» DATA SEGMENT:
--- START ---

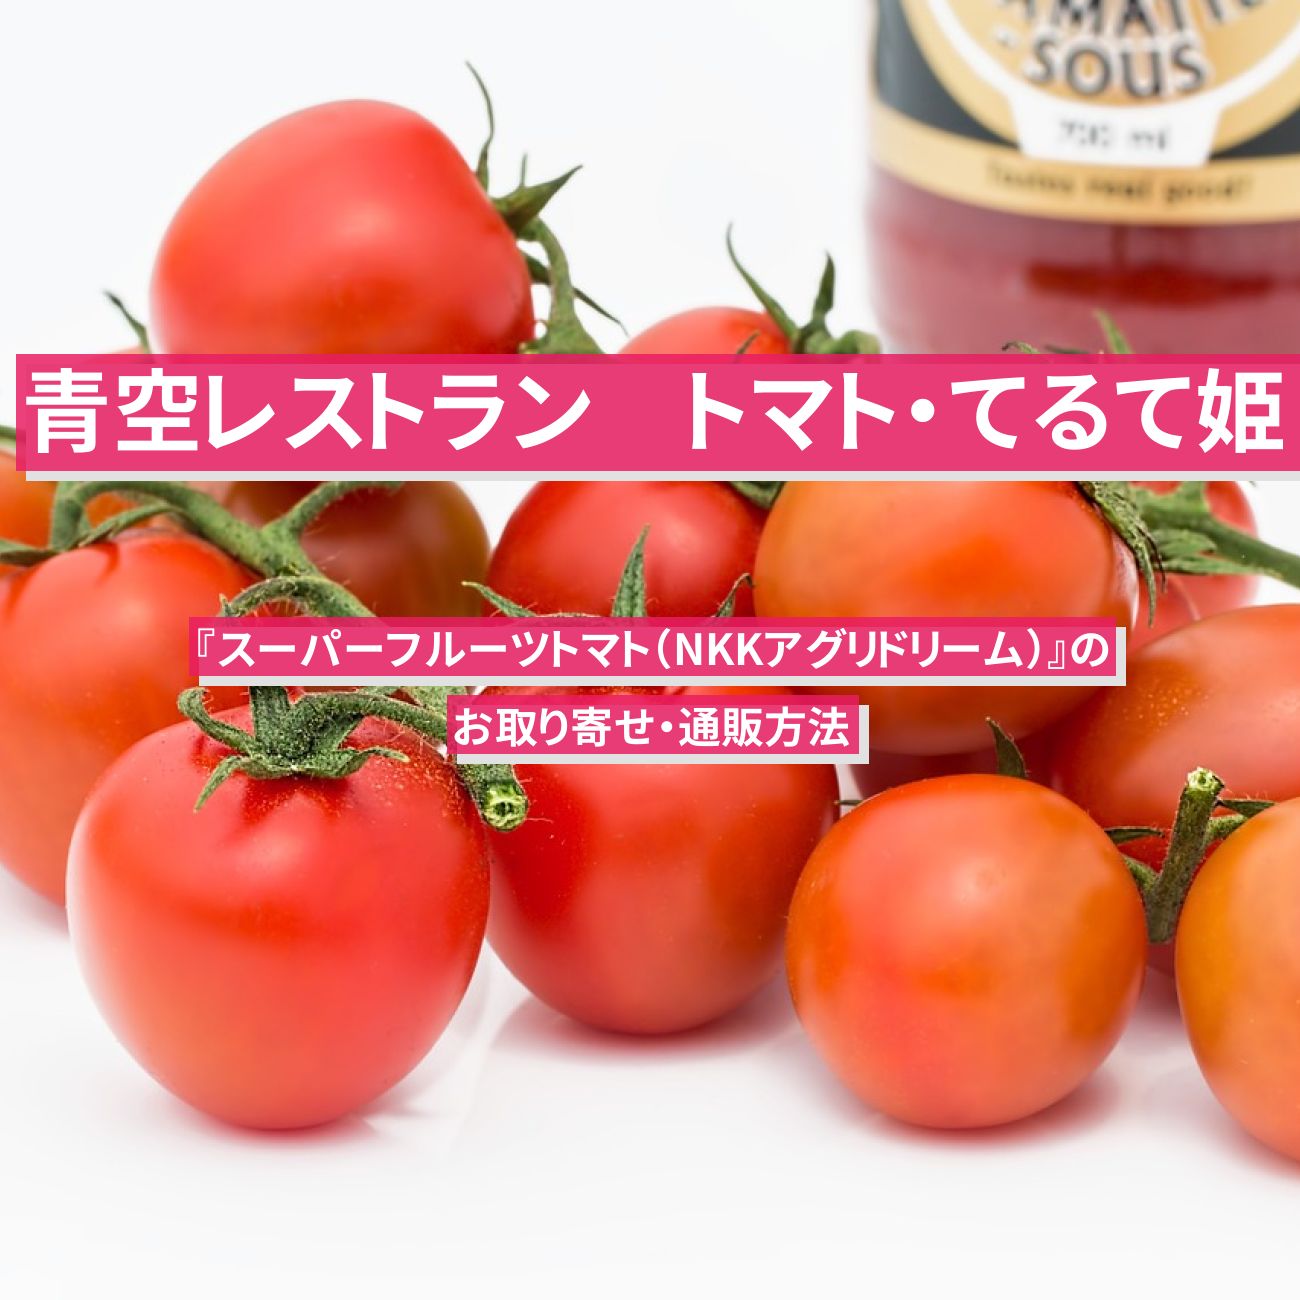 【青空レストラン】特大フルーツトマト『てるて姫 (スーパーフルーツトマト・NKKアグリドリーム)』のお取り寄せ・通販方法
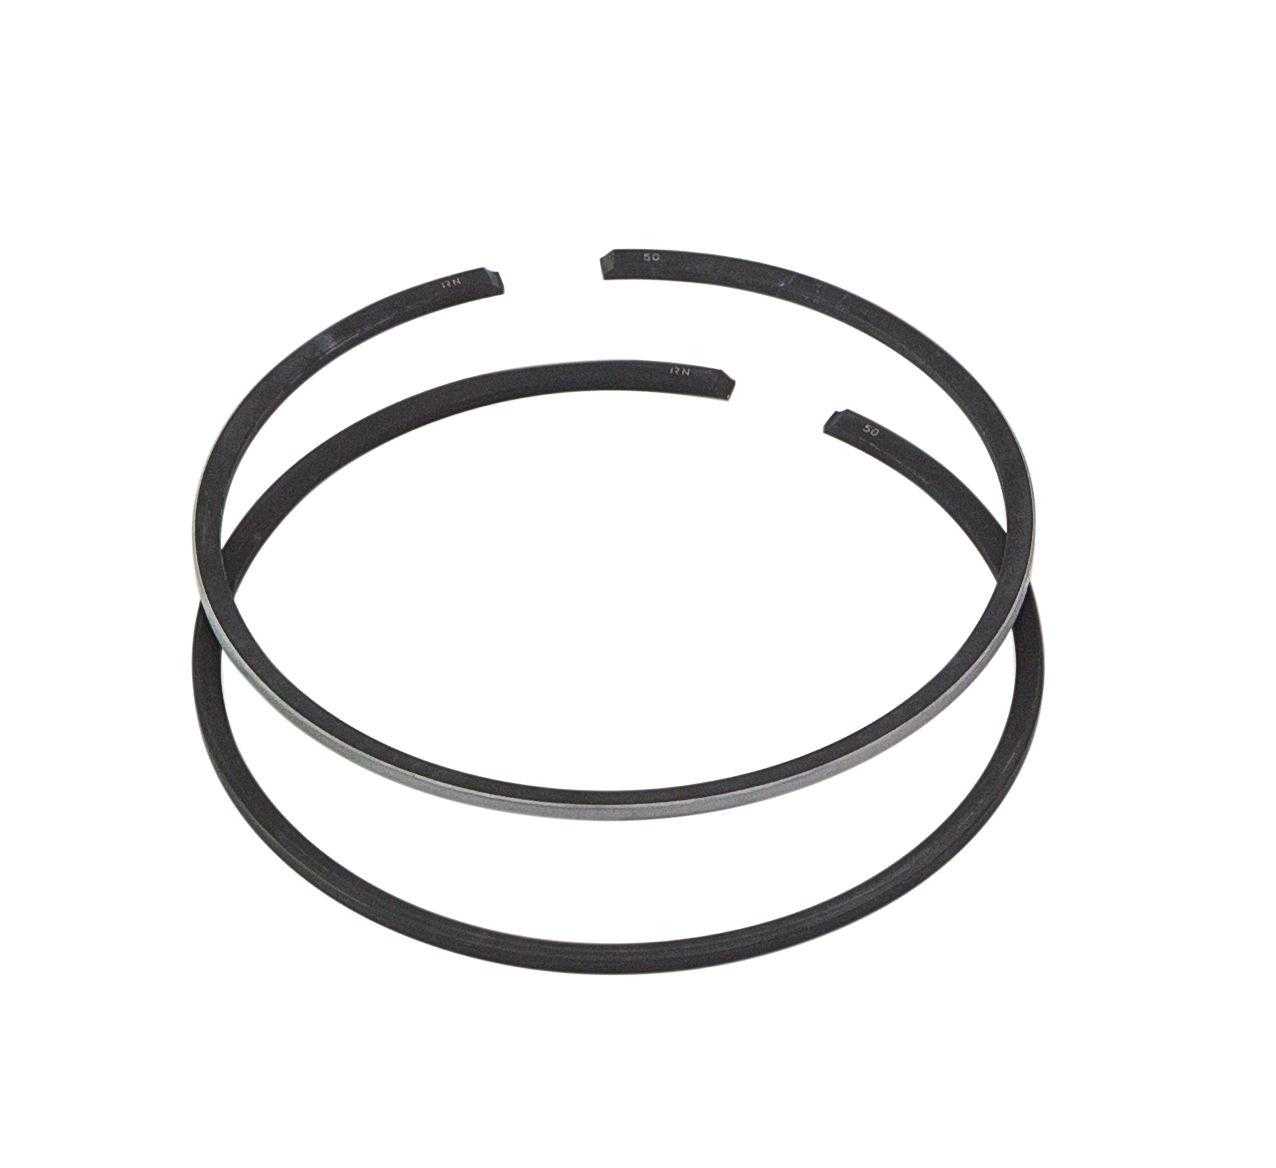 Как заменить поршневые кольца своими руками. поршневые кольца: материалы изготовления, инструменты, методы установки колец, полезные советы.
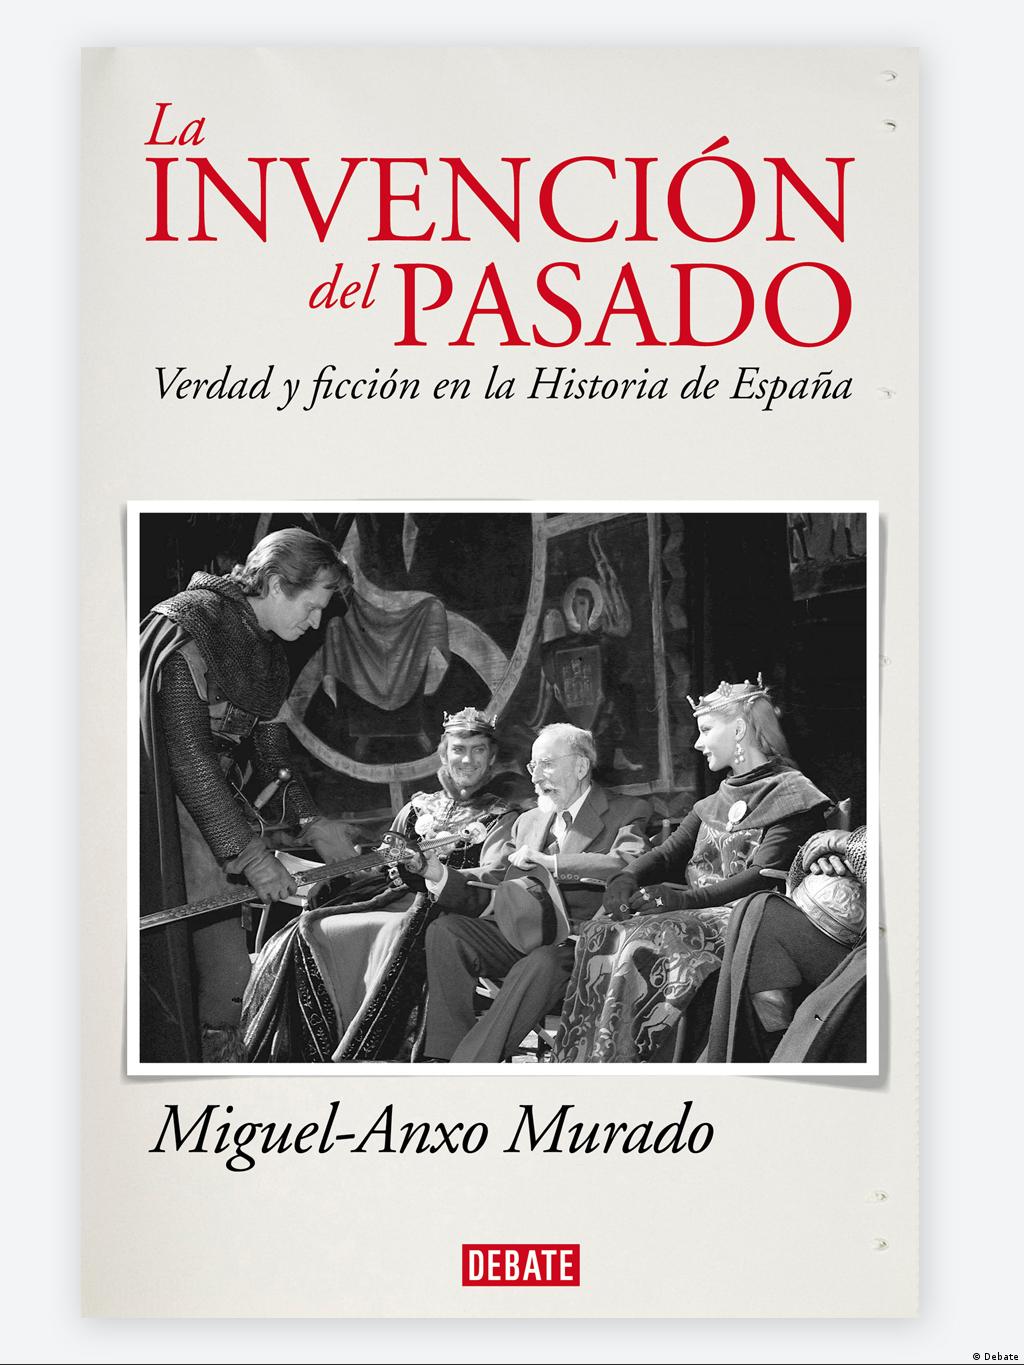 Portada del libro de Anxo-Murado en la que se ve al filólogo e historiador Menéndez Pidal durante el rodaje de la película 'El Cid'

--- END ---

» WORK REQUEST:
When you restate the listing above, give each line word for word but leave out every image.

» EXPECTED ANSWER:
 【青空レストラン】特大フルーツトマト『てるて姫 (スーパーフルーツトマト・NKKアグリドリーム)』のお取り寄せ・通販方法
 Как заменить поршневые кольца своими руками. поршневые кольца: материалы изготовления, инструменты, методы установки колец, полезные советы.
 Portada del libro de Anxo-Murado en la que se ve al filólogo e historiador Menéndez Pidal durante el rodaje de la película 'El Cid'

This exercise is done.